Au même instant, un cri bestial retentit sur place.

« … Bien, tu croyais pouvoir donner des ordres et t'en tirer sans une égratignure ? Tu devrais connaître la douleur d'une personne. »

Voyant l'homme, Lyle rugit en le menaçant de son épée.

Elle rit joyeusement à ce spectacle.

Elle ouvre la bouche en regardant l'homme qui verse des larmes.

« Oh. Rassure-toi. On ne te tuera pas. Sois reconnaissant envers la dame. Au mieux, sers cette terre. »

Lyle lui fourre un tissu dans la bouche et le ligote. Puis, il le tabasse.

« Eh bien, ça ne le tuera pas, »

« Certes, mais est-ce notre seule option ? Il était agaçant. »

Comme si de rien n'était, elle renvoie les mots.

« Mais comment… comment avez-vous pu être sûr qu'il est de la famille royale ? »

« Sa bague à l'annulaire droit. Chaque membre de la famille royale du pays reçoit un symbole unique qu'il porte gravé sur une bague. »

Comme l'avait dit Mary, une bague en or était passée à l'annulaire droit de l'homme.

Le joyau n'est pas serti au centre, mais un motif de taureau y est gravé à la place.

« Hein, je vois. … Alors, Mary, on peut rentrer ? »

« Ouais, bien sûr.

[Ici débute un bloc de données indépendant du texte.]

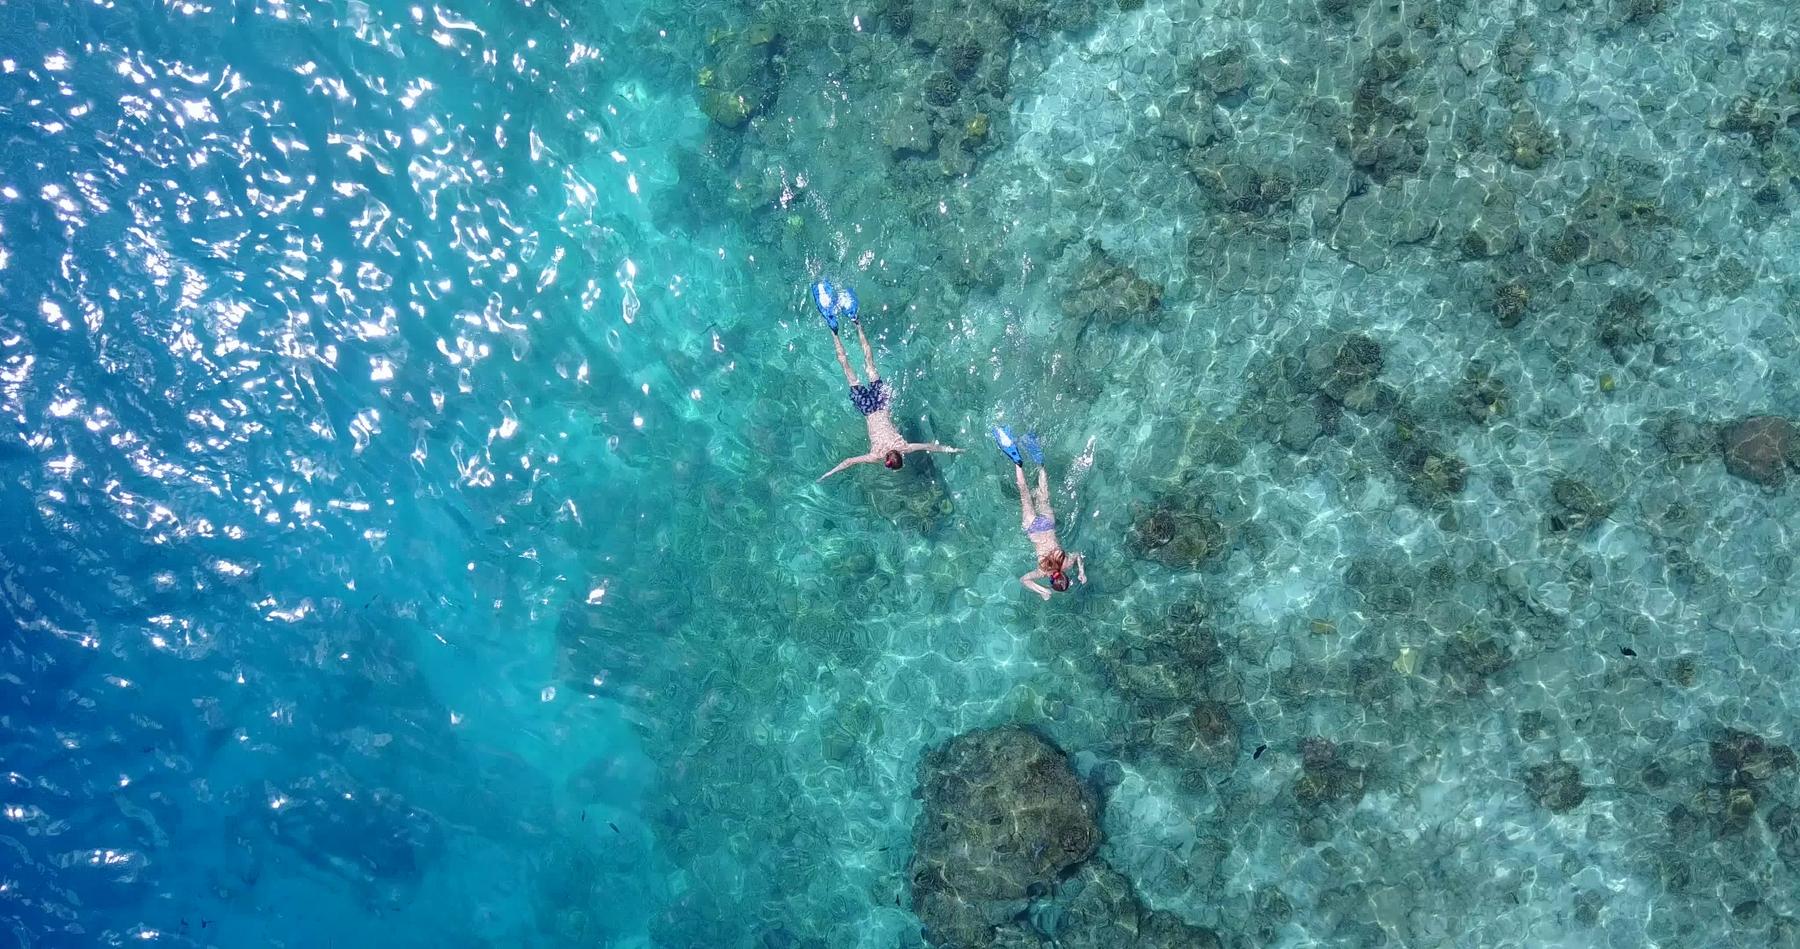 Najlepsze miejsca do nurkowania:  Malediwy

Je suis venue pour aider, le reste est à vous de décider. »

Lyle sourit avec une grimace de douleur à ces mots.

Cependant, il change immédiatement d'expression et ouvre la bouche.

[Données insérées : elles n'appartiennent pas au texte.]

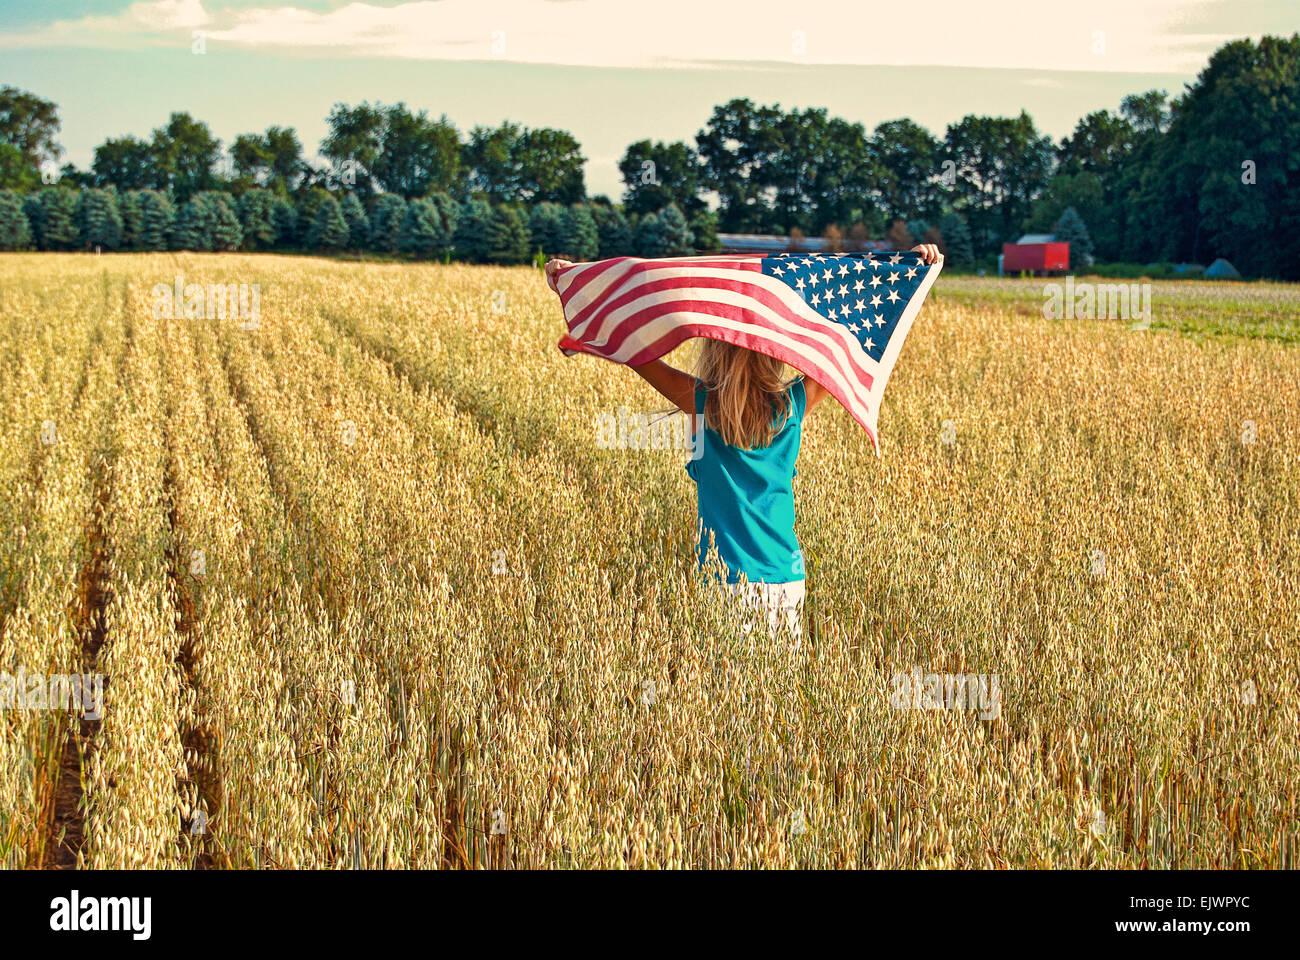 Niña corriendo en un campo de trigo con la bandera americana. Imagen De Stock

« Nettoyez les gens de cet endroit ! Ne laissez personne ! »

Et ceux qui étaient sous les ordres du premier prince sombrent dans une confusion encore plus grande.

Les soldats menés par Lyle éliminent les ennemis les uns après les autres, régulièrement.

Sans danger et sans s'arrêter.

…… Je suis venue à l'entraînement de la famille Anderson dès mon plus jeune âge, donc je connais leur enfance mais… bon, c'est encore surprenant.

Et derrière cela, Mary commence à nous donner des instructions.

C'est impressionnant de voir qu'elle n'était pas vraiment sérieuse lorsqu'elle a percé la ligne ennemie.

Même moi, je fus surprise de ne pas apercevoir sa limite… La stupeur des soldats était énorme.

Comme dansant dans le sang, ne se spécialisant qu'à « briser » ses adversaires.

Nous sommes intimidés rien qu'à essayer de suivre.

Puis, tandis qu'elle continuait à se battre, la plupart de ceux qui gisaient au sol sans pouvoir résister meurent en un éclair.

Bien sûr, c'était parce qu'elle leur avait broyé la tête d'un seul coup.

Au même moment, Dida, qui s'occupait de la défense, se joignit aussi au nettoyage.

… Et la bataille qui eut lieu à l'est prit fin.